Advocatus I Colaborou no gabinete da Ordem dos Advogados (OA). Quais os principais projectos que estão em estudo? HS I A ideia é que a OA deve ser consultada sempre que são apresentados diplomas que possam dizer respeito à classe profissional. Colaborei durante três anos, respeitantes ao mandato do Dr. Rogério Alves [2005/2007], na análise de alguns diplomas na área do Direito Penal Económico.

Advocatus I Já inclui, portanto, Rogério Alves nesta geração de bastonários mais mediáticos? HS I Sim, e mesmo o Dr. José Miguel Júdice, que foi quem iniciou este caminho inevitável.

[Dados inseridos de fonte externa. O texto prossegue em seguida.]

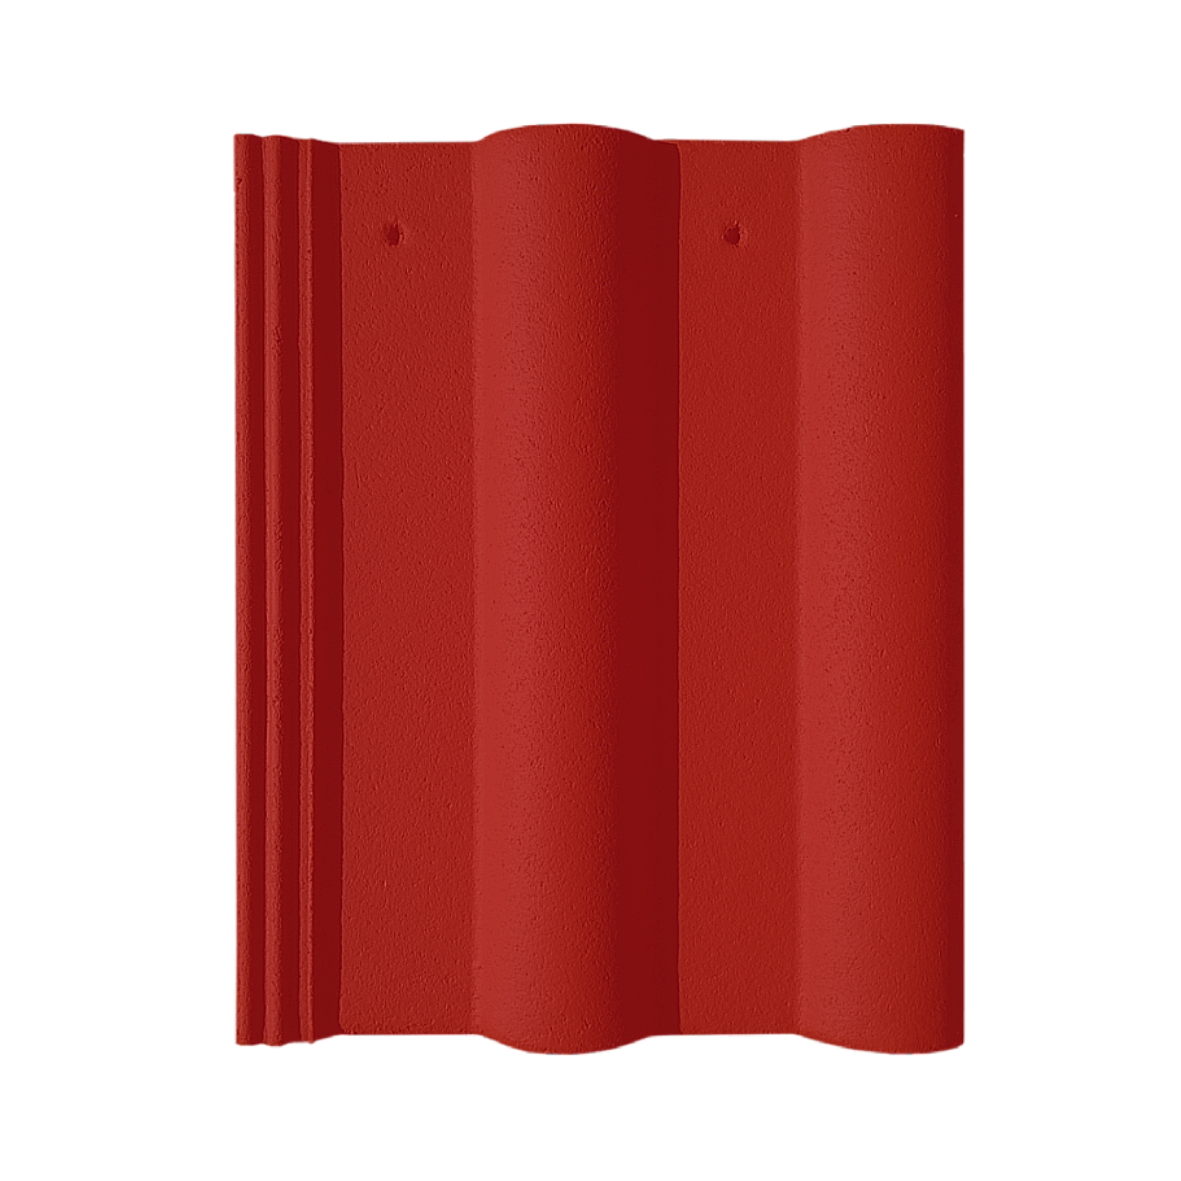 Tigla beton si accesorii - Tigla de beton Nova Double Roman rosu coral 420 x 330 mm, maxbau.ro
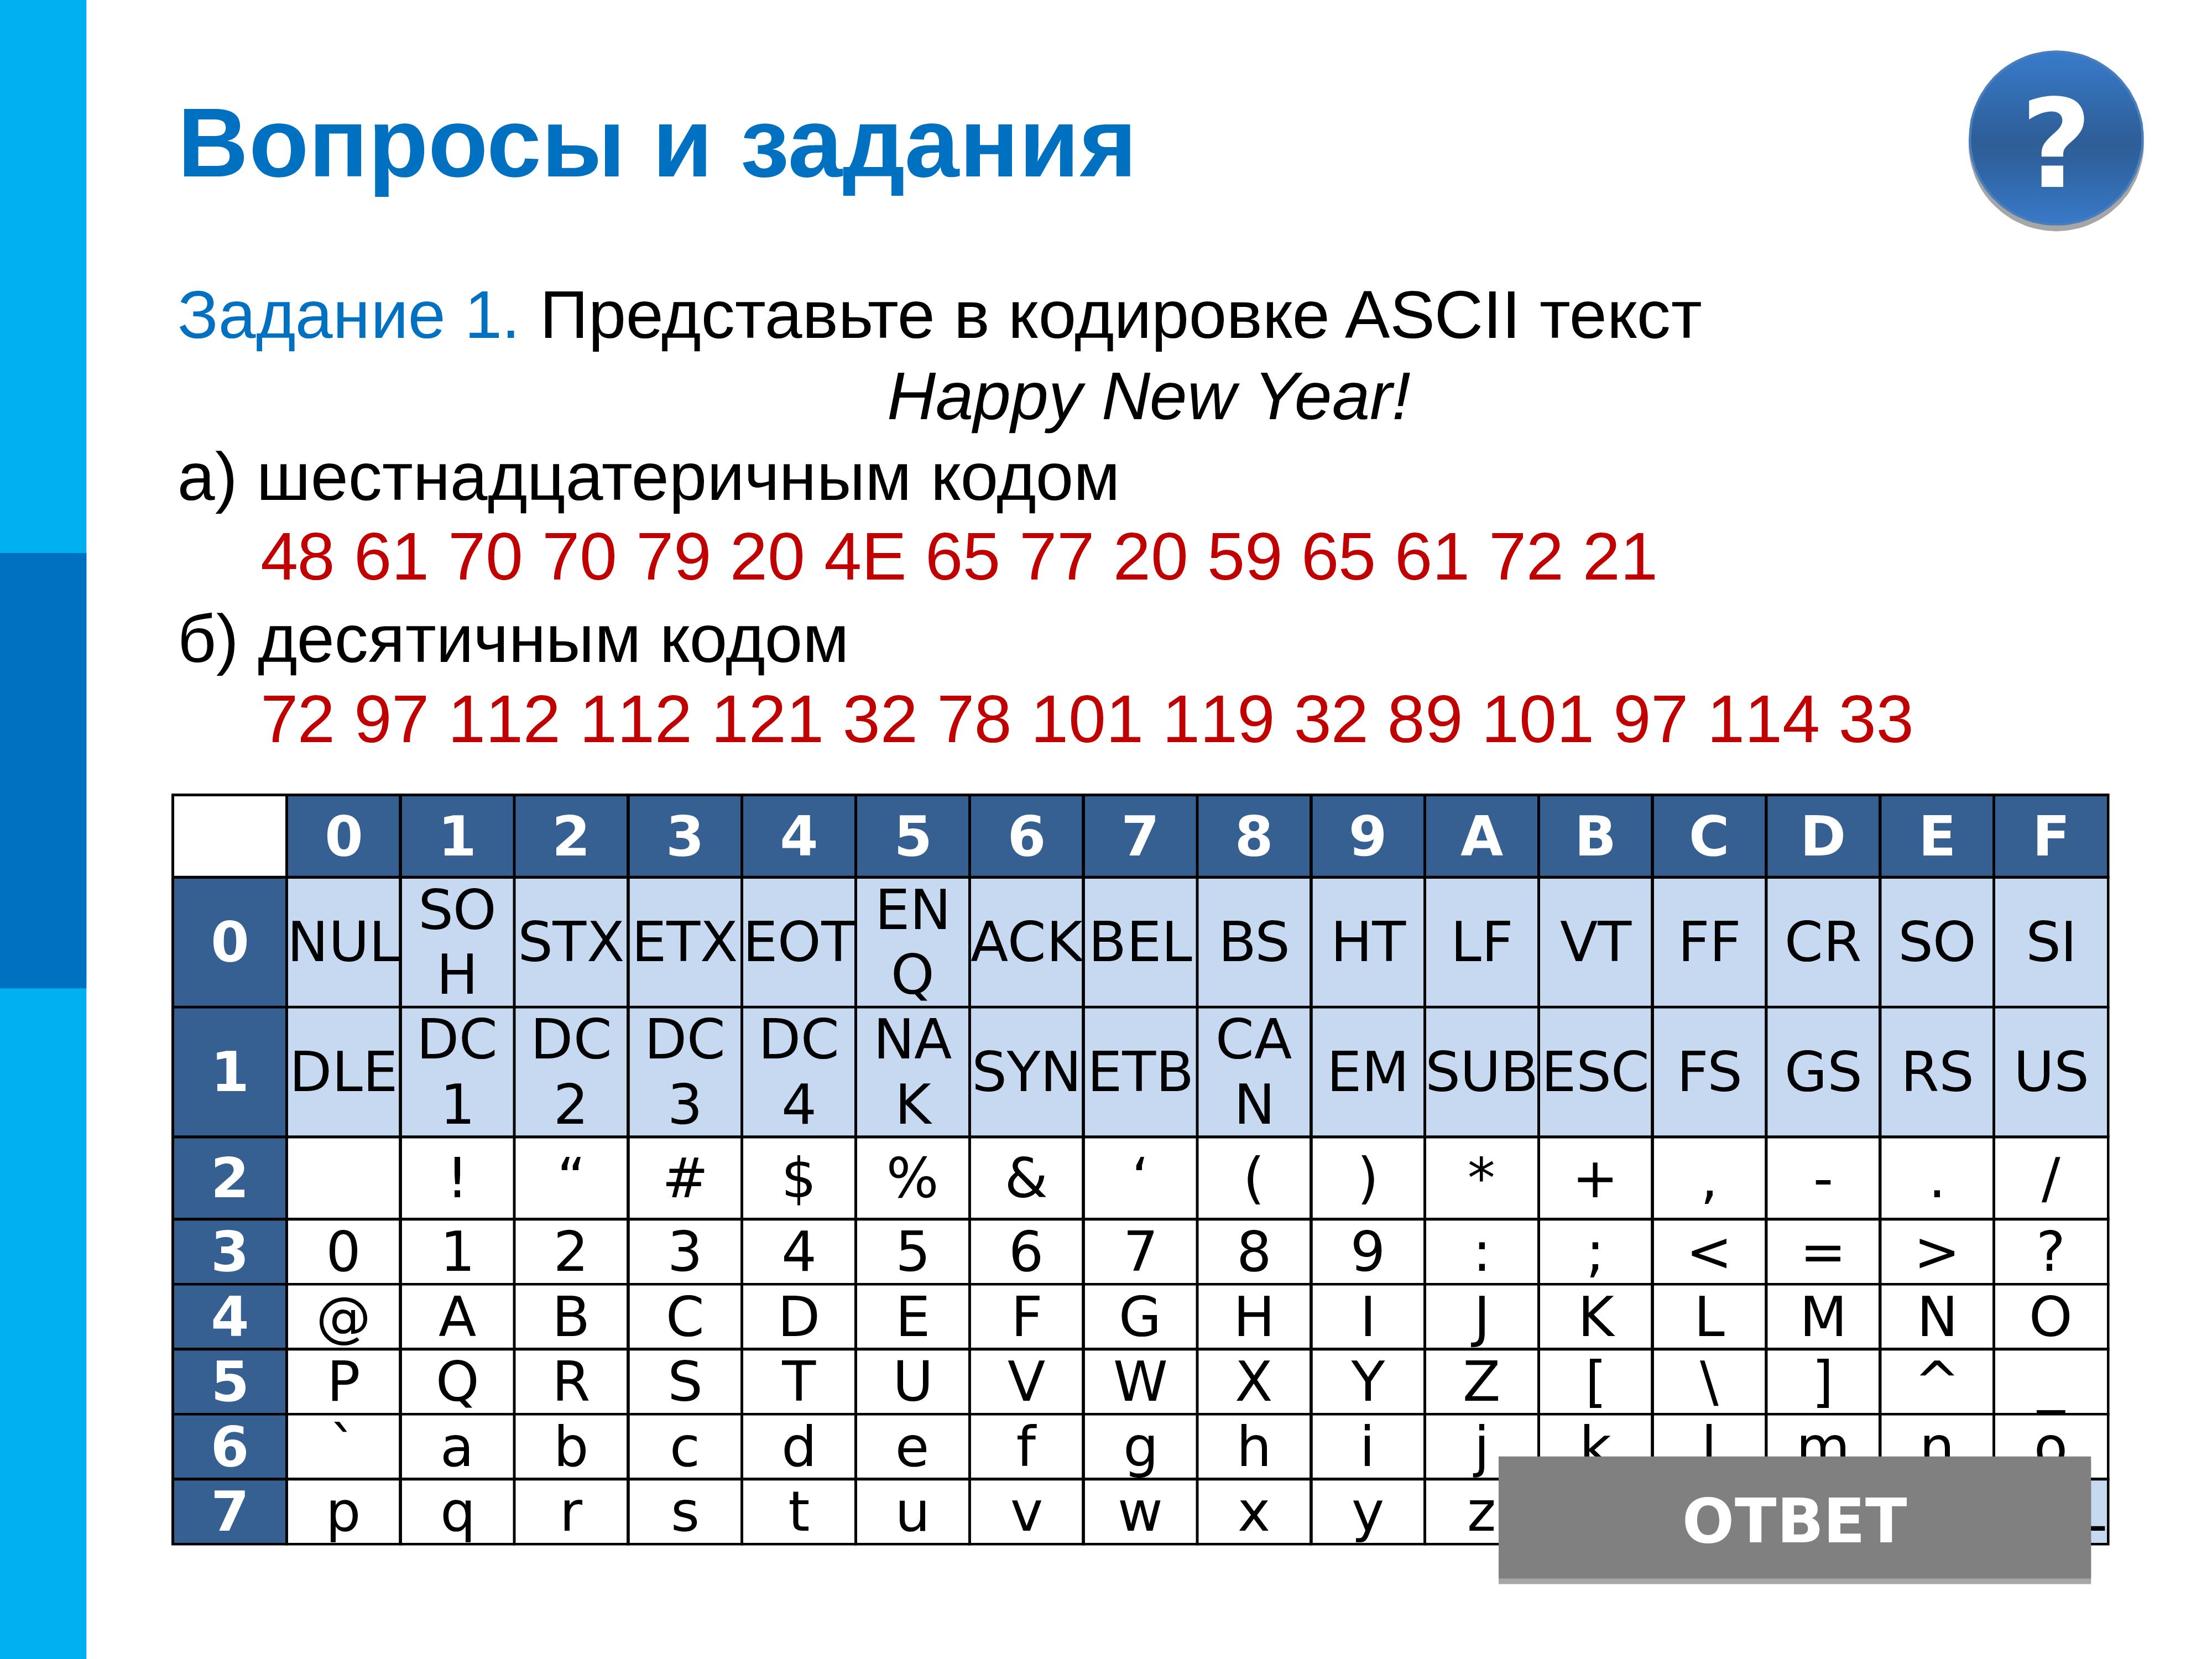 Шестнадцатеричный код в текст. Кодировка ASCII шестнадцатеричный код. Представьте в кодировке ASCII текст Happy New year. Кодирование информации в шестнадцатеричном коде. Шестнадцатеричное представление кода.

Advocatus I Entende que, com a reeleição de Marinho e Pinto, está favorecida a concretização dos objectivos do gabinete da OA? HS I A OA beneficia sempre de uma projecção pública forte, para a qual não é decisiva a manutenção do bastonário por mais do que um mandato. Por exemplo, o Dr. Rogério Alves esteve na Ordem durante apenas um triénio e deu bastante projecção à Ordem. Logo a seguir, veio o Dr. Marinho e Pinto com um estilo muito particular. Acho que tudo depende, no fundo, do estilo de cada

Advocatus I Dada a conjuntura económica, quais são os principais desafios que considera que o Direito Penal Económico enfrenta em Portugal? HS I Dividindo o Direito Penal Económico em duas áreas – preventiva e reactiva – o que todos os clientes gostariam era de não ter problemas. O que temos vindo a assistir nos últimos anos, com a crise económica, é o aumento de processos que entidades jurídicas podem vir a originar de foro Penal Económico. Basta pensar nos casos BPP e BPN. Aquela acalmia que se verificou há 20 anos nestas áreas nunca mais vai regressar. Em relação aos projectos preventivos, de Corporate Defense, temos de consciencializar as empresas de que este é o momento adequado para avançar por aí.

PERFIL

Sonha com férias nas Maldivas Com 42 anos, Henrique Salinas é casado e tem três filhos. Sendo-lhe “indiferente” que algum deles dê continuidade à tradição familiar e se venha a tornar num advogado, essencial é que cada um dos seus descendentes siga aquilo em que tenha gosto. “O importante é que eles tenham uma actividade profissional que os realize e que lhes dê um meio de subsistência onde possam ter sucesso”. Apreciador de música jazz e de fotografia, Pat Metheny é um dos seus intérpretes de eleição. “No trabalho, por exemplo, acho que não poderá ser muito produtivo”. Com os filhos, como alvo principal da sua objectiva, o advogado já chegou a tirar um curso, “que foi uma faca de dois gumes, porque fiquei inteiramente consciente da minha completa ignorância, mas também me abriu perspectivas para me aperfeiçoar no futuro”. Desejoso por se ver livre do frio invernal, assegura que se metia num avião com destino tropical, logo então. “O ideal eram umas férias familiares, a cinco, acho sempre mais divertido com as crianças. Só penso numa viagem que irei fazer com certeza, às Maldivas. A nível de praias, é o ‘projecto-paraíso’ por realizar”.